Subjectivism, non-cognitivism, and error theory are the only forms of anti-realism: If there are no objective values, this must be either because ethical statements are subjective claims (as subjectivists maintain), or because they are not genuine claims at all (as non-cognitivists maintain), or because they are mistaken objective claims. The only alternative is for ethical statements to be correct objective claims, which entails moral realism.

Another way of categorizing meta-ethical theories distinguishes between monistic theories (in which there is one true, or at least one highest, good) and pluralistic theories.

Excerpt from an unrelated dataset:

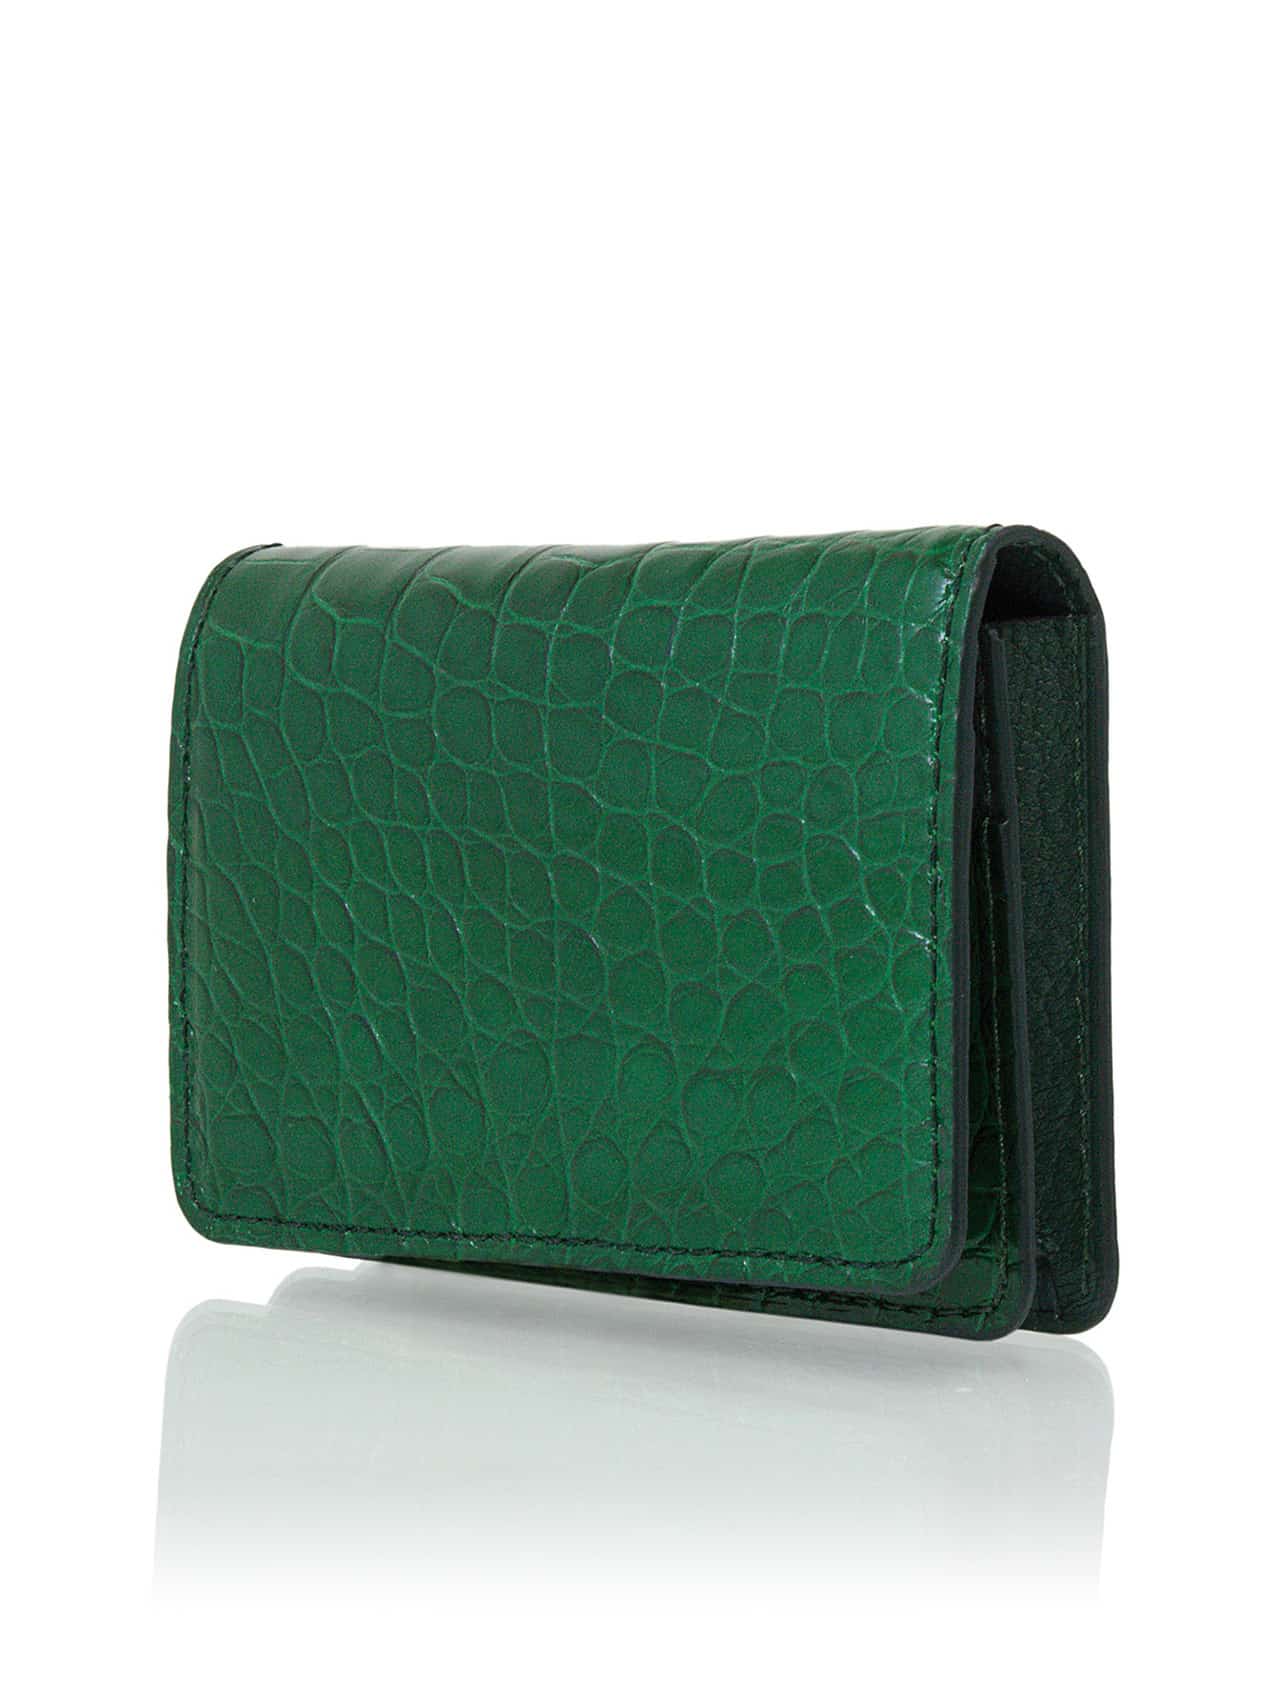 Crocodile Leather Shiny Emerald Cardholder

Value pluralism contends that there are two or more genuine values, knowable as such, yet incommensurable, so that any prioritization of these values is either non-cognitive or subjective. A value pluralist might, for example, contend that both the life of a nun and that of a mother realize genuine values (in an objective and cognitivist sense), yet there is no purely rational measure of which is preferable. See Isaiah Berlin.


Some think that in the 20th and 21st centuries meta-ethics has come to replace normative ethics as the more prevalent pursuit among academic philosophers. This is supposed to have occurred simultaneously with an overall decline in belief in moral absolutes in most popular cultures as well as a greater interest in process and categorization as opposed to the identification and application of norms, both in academia and in global society generally.